I have a running debate in my brain: rent or own? Libraries have been in the ownership business for a long time. You might say we are almost obsessed with containers. In the past, information was only available in containers: a particular copy of a book, a print subscription to a journal. Those physical items sat on our library shelves. In fact, their very physicalness gave libraries a lot of rights that made library collections possible and practical (see the right of first sale doctrine). As we move into an electronic environment, a whole new set of principles and laws apply. I don’t think libraries and publishers have quite worked out their relationship in a totally digital world. It is a time of chaos. Libraries would still like to hold some of those rights that inhere in physical objects. Publishers, however, think different terms should apply. Mostly, publishers have had their way. Digital library collections are largely driven by license agreements that dictate different terms than the ownership model, or the level of ownership is limited or restricted (try interlibrary loaning an item from your digital collections).

But the radical thought I’m having is whether we should give up the notion of ownership altogether. What if libraries and collections staff focused their energies on use? What if our entire raison d’etre was simply to media and enable use? Give up the entire ownership model? This seems especially relevant in a digital library collection. Does it really matter if we own something that isn’t really “anywhere” anyway? This might make some of the recent ebook debates seem irrelevant. No HarperCollins limit on the number of uses your ebook can have before you have to buy it again. You pay for each use individually. This is scary for both libraries and publishers. It can make it difficult to budget for usage. For the library there are no discrete costs; they are behavior driven. For the publisher, they might discover that large swathes of their catalog do not generate any library sales at all. (See Go To Hellman on the Pareto Principle–in fact all of Eric’s recent posts.)

What one hopes is that the as-yet undetermined pricing model is fair to both libraries and publishers. For the libraries, one would hope that the unit or usage cost would be low enough to enable use of a greater number of unique titles at a total cost that was not greater than what we are already spending. Obviously, that is a hard thing to work out. Publisher: “How much money you got?” Library: “$100,000.” Publisher: “Send it to us.”

What kind of math can we use to determine fair usage cost? I think the library world needs to spent some energy thinking about this. Otherwise, the models will be entirely driven by the publishing world. ALA now has a Presidential Task Force on Equitable Access to Electronic Content, but the thinking needs to spread out beyond the task force. It is something all collections and acquisitions librarians should be thinking about and talking about. Collectively, we will come up with more and better ideas.

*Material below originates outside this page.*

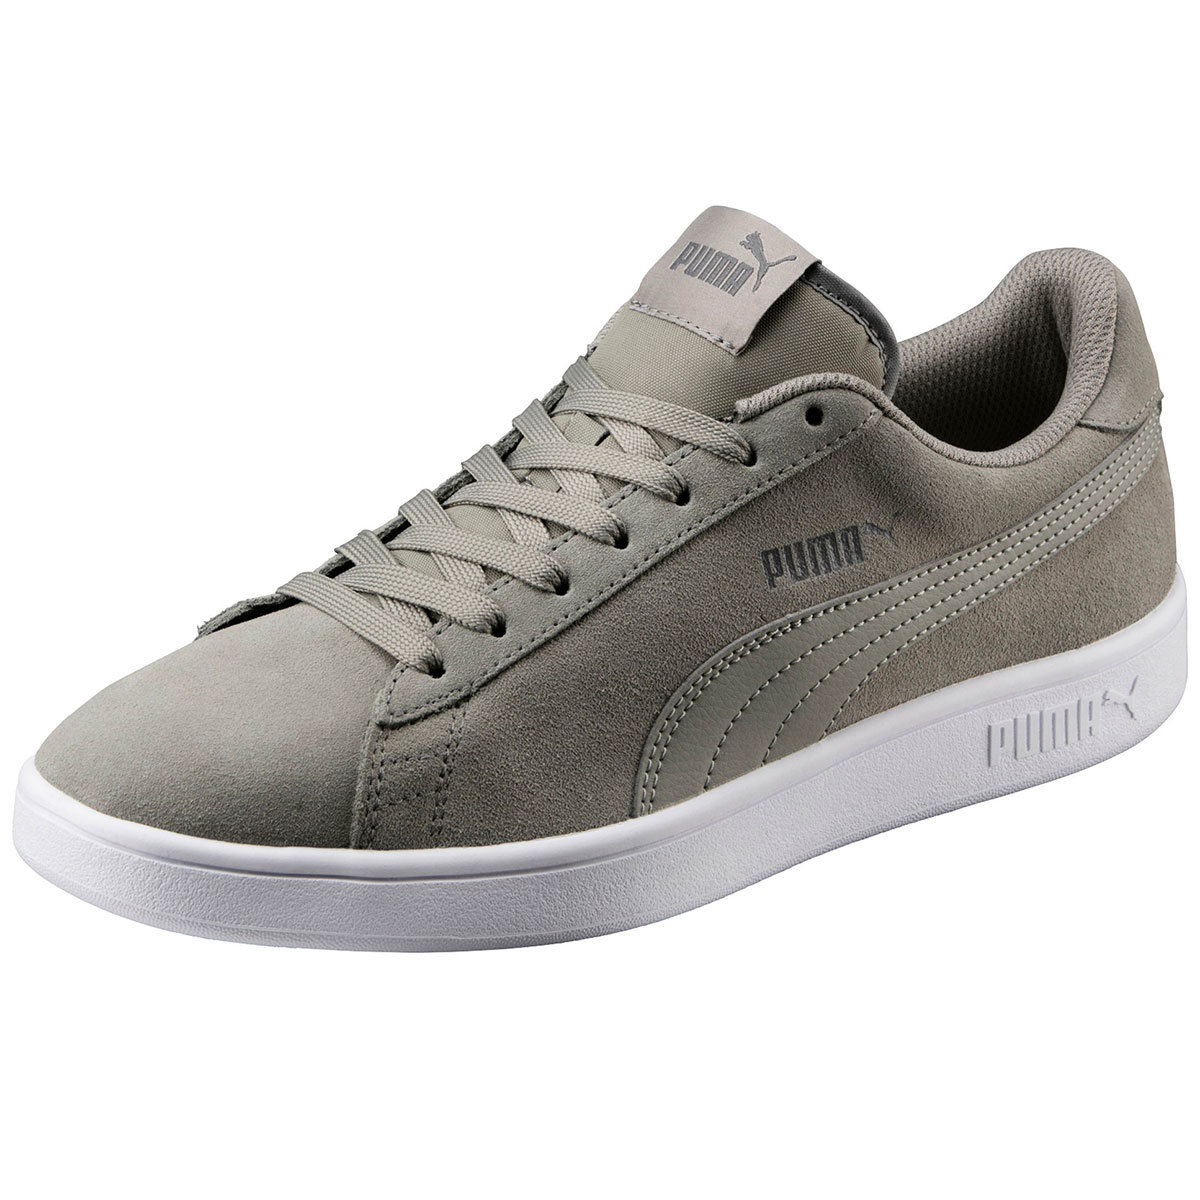 Puma Men's Smash V2 Sneakers - Black, 10

5 Comments on “Rent or Own?”

  1. Steven Harris says:

    Eric Hellman has another great post this week that makes arguments FOR containers but maybe AGAINST ownership. Interesting.

  2. Dennis Moser says:

    No, no, no, no, A THOUSAND TIMES NO!

    We are NOT in the business of “ownership”; we ARE in the business of custodial stewardship and curation for humanity. STOP thinking about OWNING the collections and get back to thinking about CARING for the collections.

    I think this is a major fallacy that has sprung up out of the library schools that have stopped teaching courses in preservation (and, tangentially, archives).

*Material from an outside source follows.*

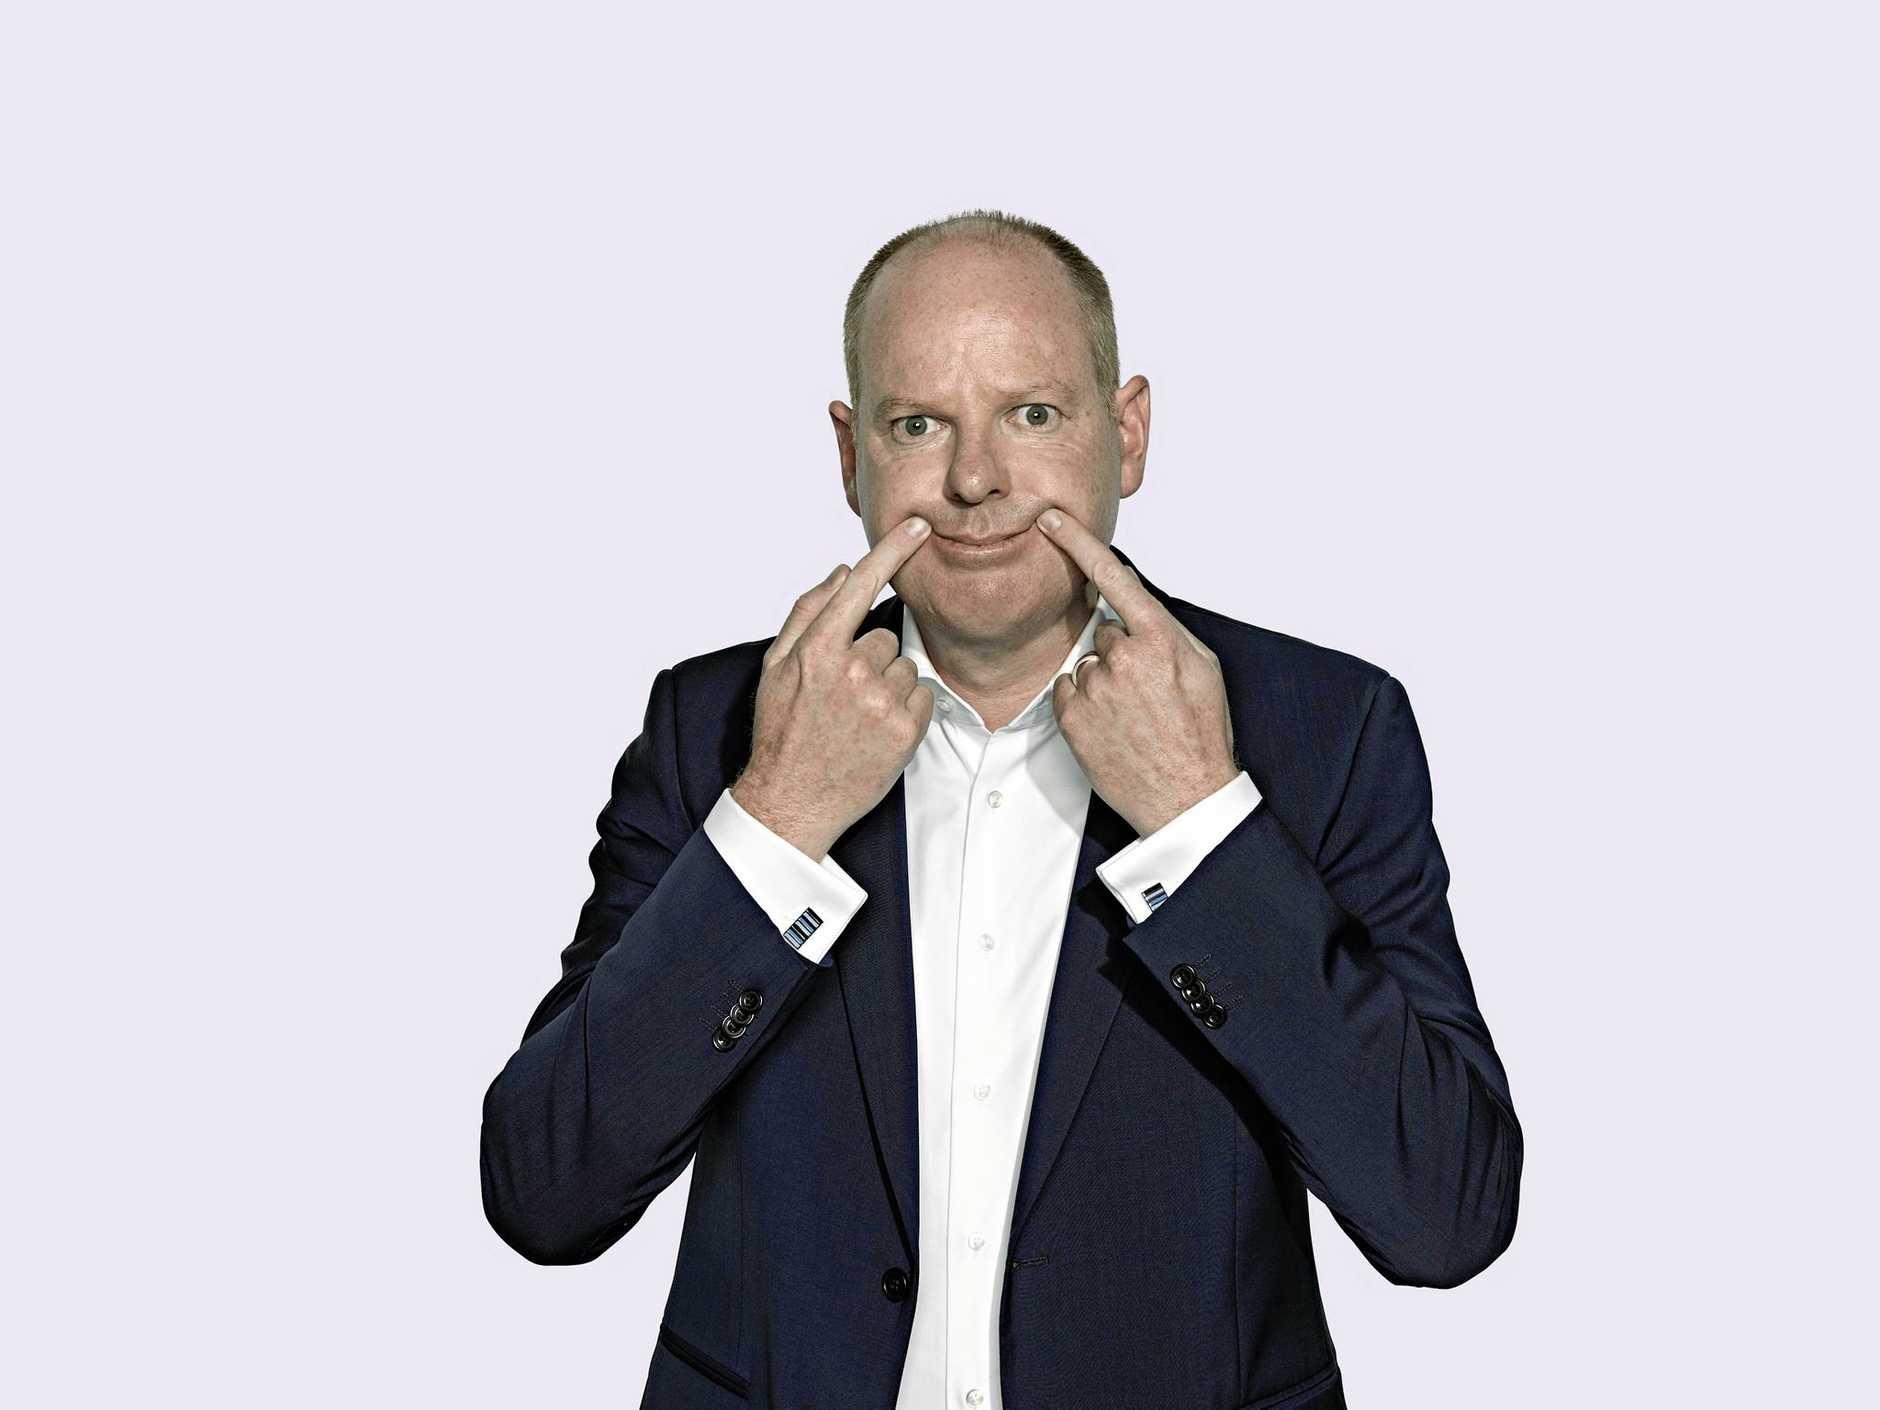 Australian comedian Tom Gleeson will host a political forum at Splendour.

    LIbrarianship is a tripartite endeavor of providing organization, access, and preservation…we seem to be forgetting that way too often of late.

  3. Steven Harris says:

    That’s a “no” from Dennis. 🙂 Actually, the preservation question is very relevant in an electronic environment, especially if we aren’t the owner. Who has the authority and the professional commitment to make sure content is preserved?

  4. aline soules says:

    Ownership? I thought we’d given up on that long ago, whether you agree with the idea or not. Preservation isn’t likely to be our lot either–not in the long run. Google may run into glitches, but they have the resources and we don’t, so, ultimately, we’ll have a few little things here and there and Google (or one of its competitors) will have the rest. So where does that leave us? In the education business, I think–information literacy.

  5. Patricia Pettijohn says:

    It is interesting for those of us who are facing devastating budget cuts, and looking at the loss of major electronic resources, with no print to fall back on. Stewardship is about sustainability, and not just about preservation–it should be interesting to see what will happen when libraries lose access to licensed resources that they don’t own and that do not provide perpetual access or do so in a format that is difficult to manage. It is ironic that, just as the digital revolution is pretty much considered a done deal, libraries are facing economic challenges to owning OR renting.